IMO, modern liberals are extremely inconsistent when it comes to the freedom of choice. In some cases they favor it a lot. In many other cases, they are absolutely against it.
But I would say that more often than not, they are against freedom of choice. While on some issues (marijuana, marriage, abortion, etc.) they are pro-choice, they are generally anti-choice on health care, education, labor, retirement, most “economic issues,” and a fair number of “personal issues.”0
As for the specific “guns on campus” issue, I suspect that those who oppose guns on campus have one or both of these beliefs:
* Criminals will obey the signs, and/or
* Good guys with guns are going to be incompetent, careless, and/or stupid with them.
The first belief is absurd. The second one is occasionally but rarely correct; most responsible folks who carry guns rarely – if ever – take them out of the holster while in public.
Basically, it’s more prejudice against gun owners. Par for the course.
There is a great Steven Crowder clip where he’s on a college campus asking folks their opinion on the short lived NYC ban on large sodas contrasted with thoughts on legalizing pot. He asked a few other questions as well. One student in particular predictably believed that pot should be legal because “you can do whatever you want with your own body.” To which Crowder replied “except a big gulp.” I have to give the kid credit for acknowledging the inconsistency.
The inconsistencies are only there if you take leftists at their word, i.e., that they have constructive social goals. This may be true for the rank and file useful idiot, who takes emotion-based positions on pet issues without ever thinking things through. But none of these issue really matter to the leftist movement as a whole.
No, the leftist movement as a whole was born to oppose American (and Western, more generally) values and institutions. Remember, the issue is never the issue. This issue is always the revolution. War is bad (when the US fights to protect it’s interests), but noble (when communists stage a bloody coupe and kill millions). Children must be protected (when a particular measure will give the central government more control), unless they are late-term fetuses (in which case it’s fine to kill them, so that Judeo-Christian ethics are undermined and the value of individual life is cheapened). The simple act of carrying a gun makes a man inherently dangerous to those around him (when he isn’t directly under the command of local officials), but not when the man is charged with enforcing the will of the state. Wealth and success are sure signs that a woman is evil, except when said woman is a Hollywood star who supports leftism. Seems totally inconsistent on the surface, but it’s perfectly consistent.

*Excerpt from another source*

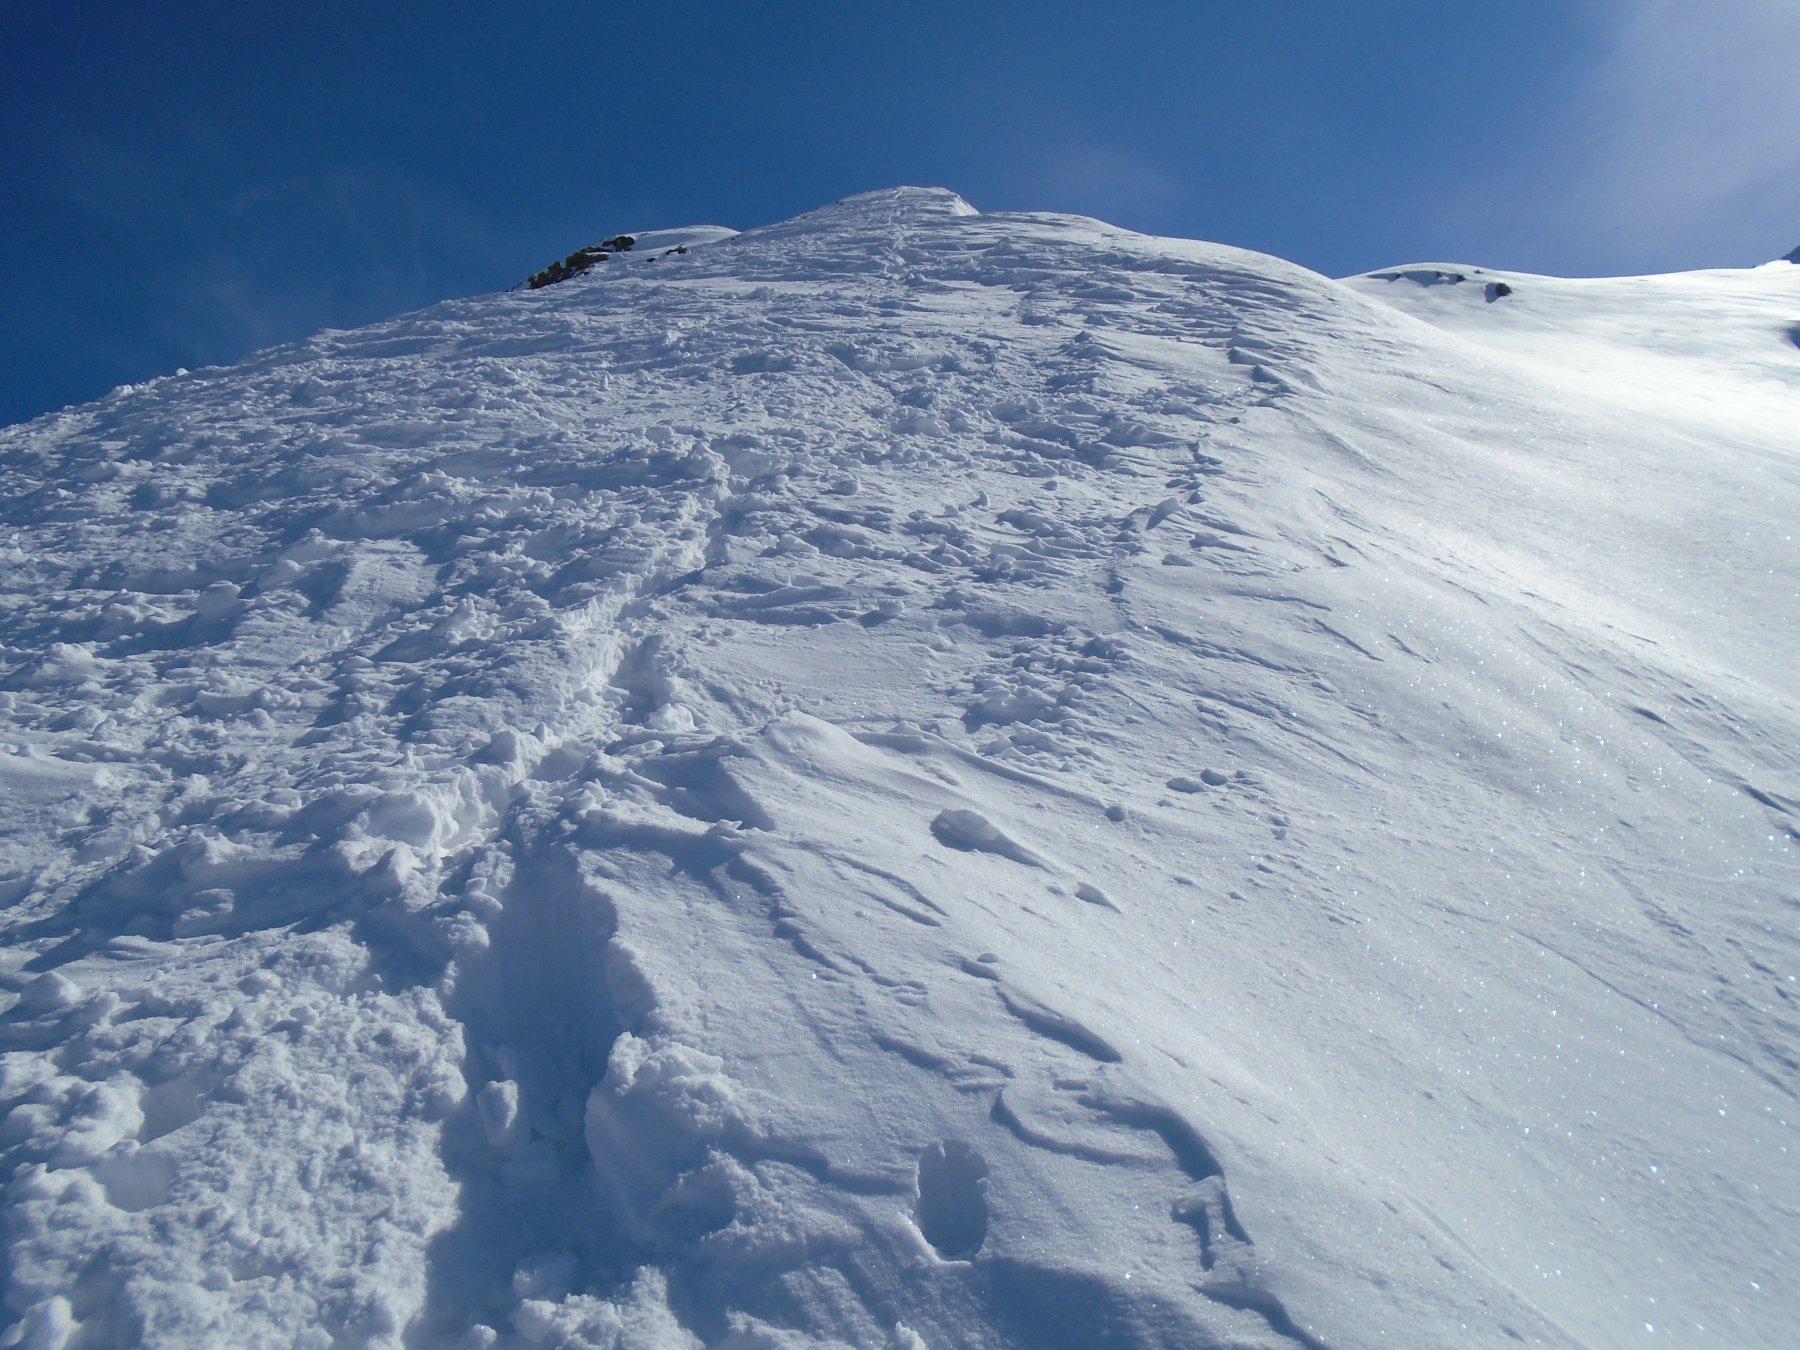 Discesa cresta: ripido, ma neve fresca abbondante e facile

I checked the source article in the IdahoStateJournal, whose motto is empowering the community. Apparently use of proper capitalization and spaces is not part of their empowerment activity. But I digress.

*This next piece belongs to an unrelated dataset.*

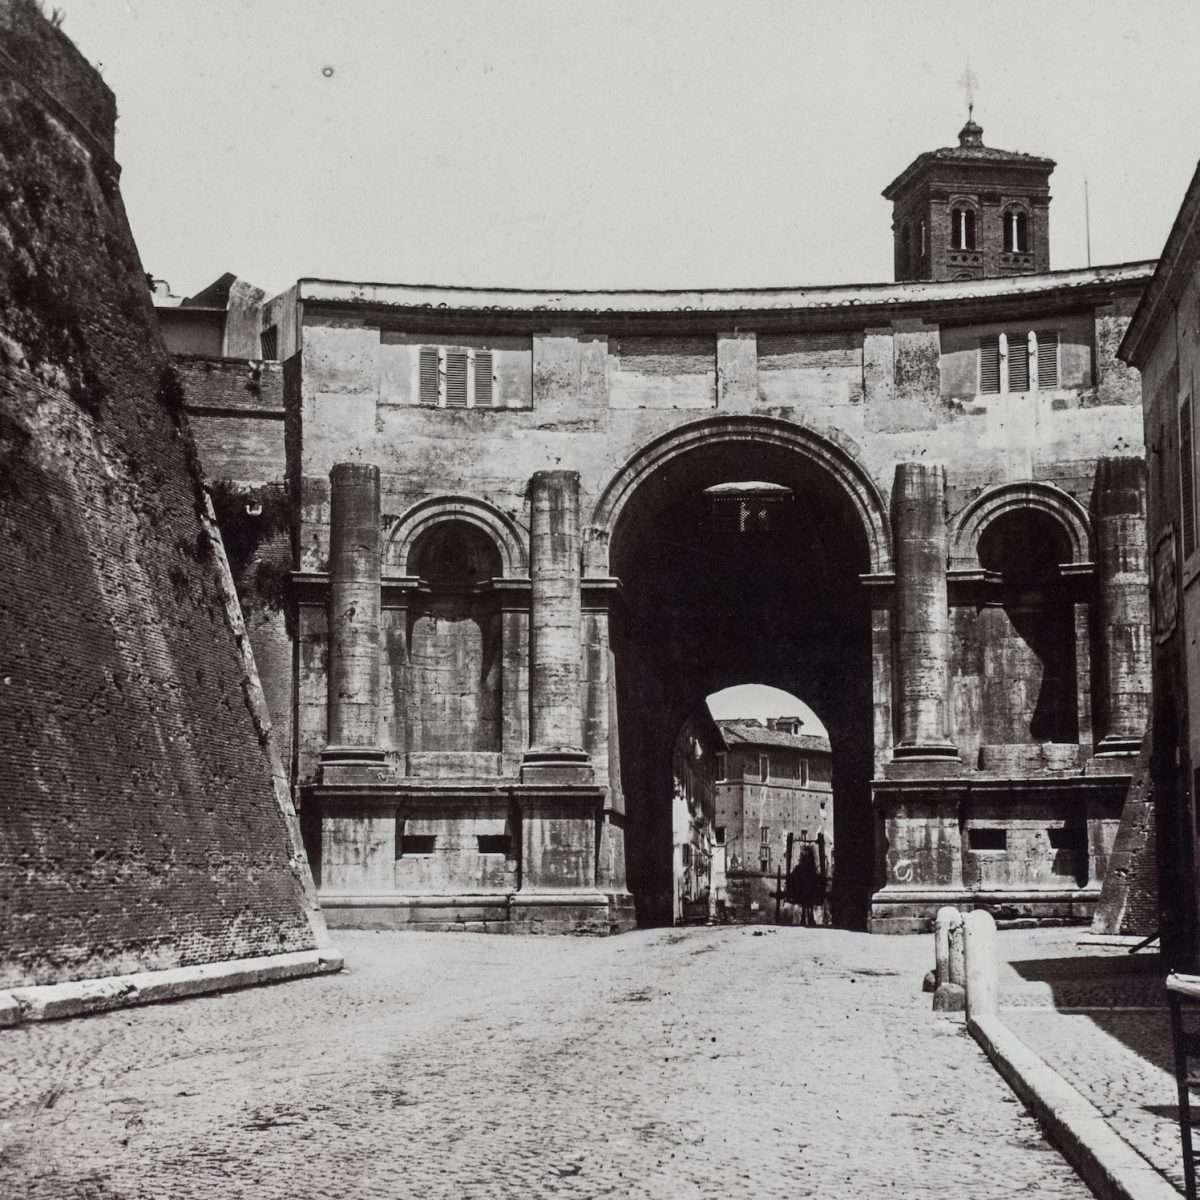 L-1090212 - Porta Santo Spirito

I moved on to the cited article, and got no further than the entire headline: Guns may kill nuke research: NRC license a potential college concealed-carry bill victim at ISU.
Is it just me, or does that make no sense?

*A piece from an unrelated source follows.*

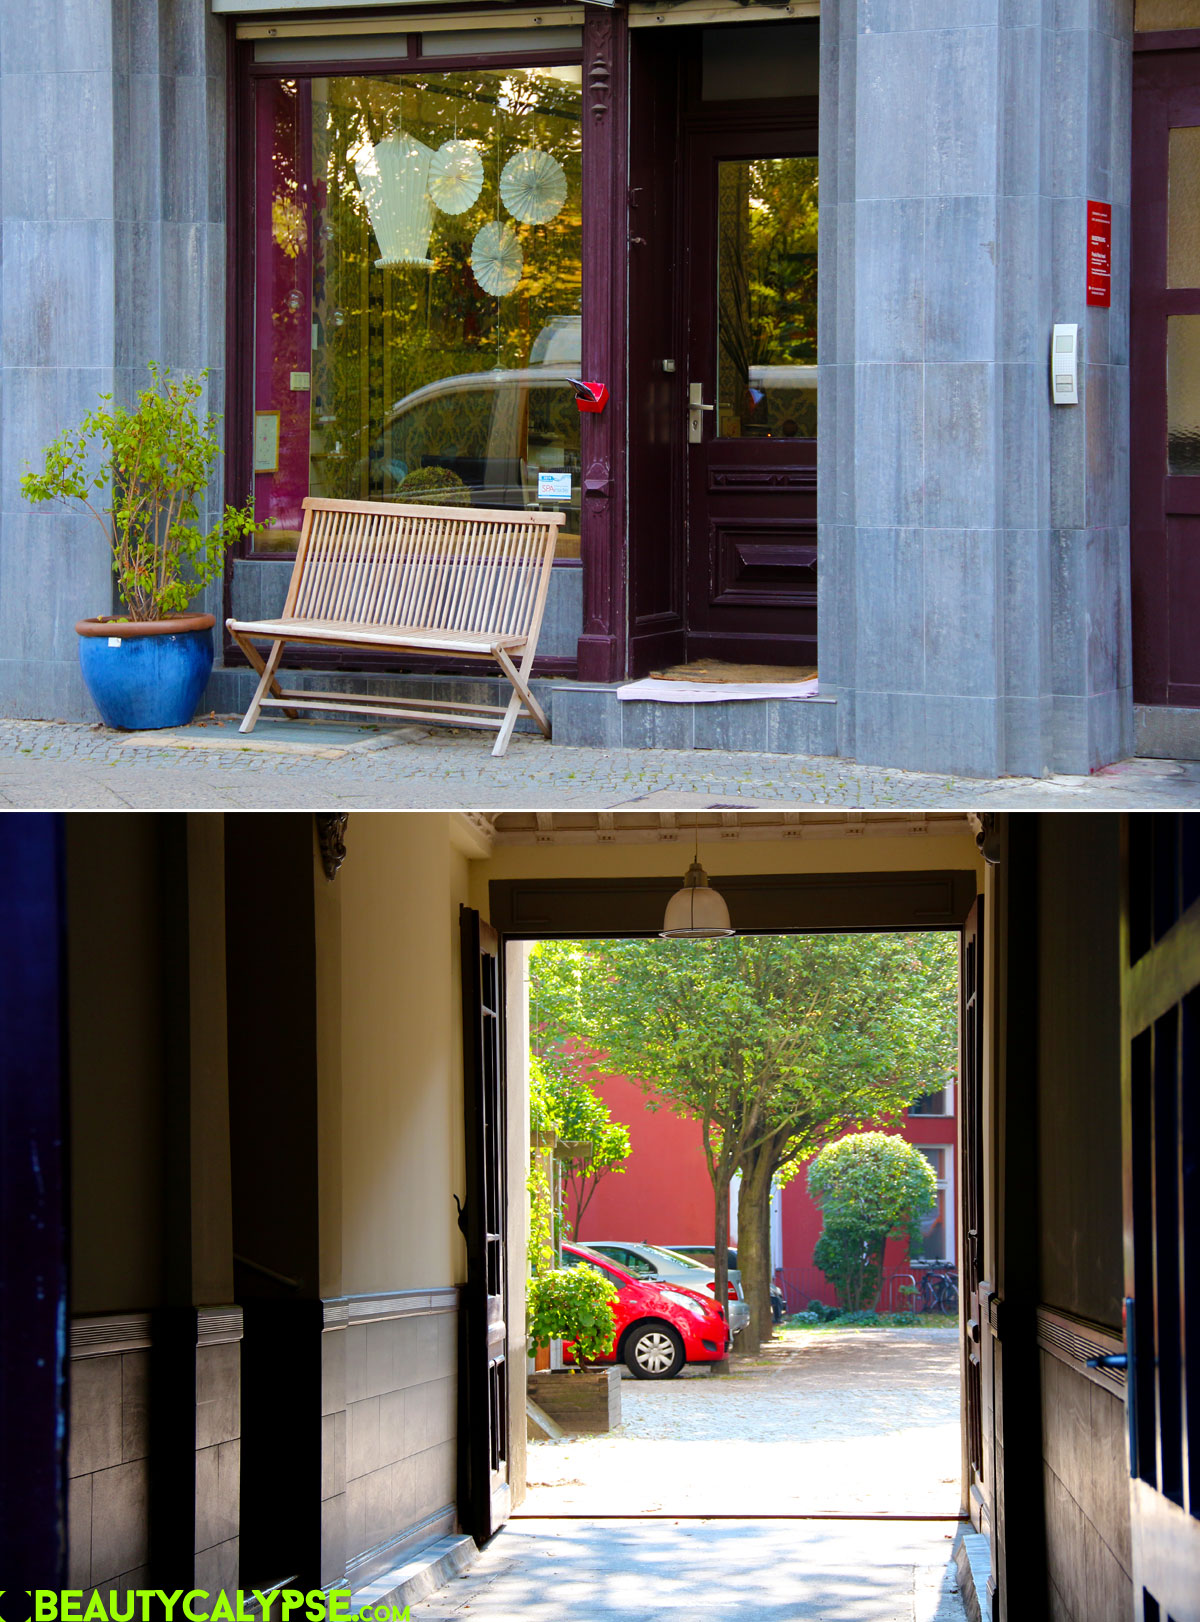 berlin s green spas 2 le petit spa living ethical excellence the quest est 2012. Black Bedroom Furniture Sets. Home Design Ideas

I didn’t waste my time on the article itself after that display. Is that some sort of high school paper or something?
Yep, guns on college campuses sure are terrible. In fact, I go to a school in Colorado (one of the only states on the nation where CC is legal on campus and the universities can’t ban it), and every time I go to class, I hear gunfire… Or not. I just love how people act like allowing CC on campus is a new thing and no one knows what will happen.
My apologies to all, but I have seldom run across a college student I would trust to have a refillable pen, much less a refillable firearm. Security is needed, yes, professional security is not cheap, and is subjective at that. “My brother-in-law was a ninja master” does not cut it.
And what does that have to do with the article?
About college, right? Can you read, or, is English your third language?
So your reasoning behind denying law abiding adults their constitutionally protected RKBA is that, well golly, you just don’t trust ’em? I wonder what other groups of people one could substitute into your little annectdote…
You for one.
Yikes! So now all it takes for you as self-appointed judge and jury to snatch away a man’s Gid-given rights is for that man to fling a snarky remark your way?! I’m curious, your honor, what do you feed the kangaroo?
Good. Good. Let the hate flow through you.
You do realize that in most states the required age to carry a firearm is 21, right? As an almost overwhelming rule, these aren’t 18 year old kids right out of high school we’re talking about.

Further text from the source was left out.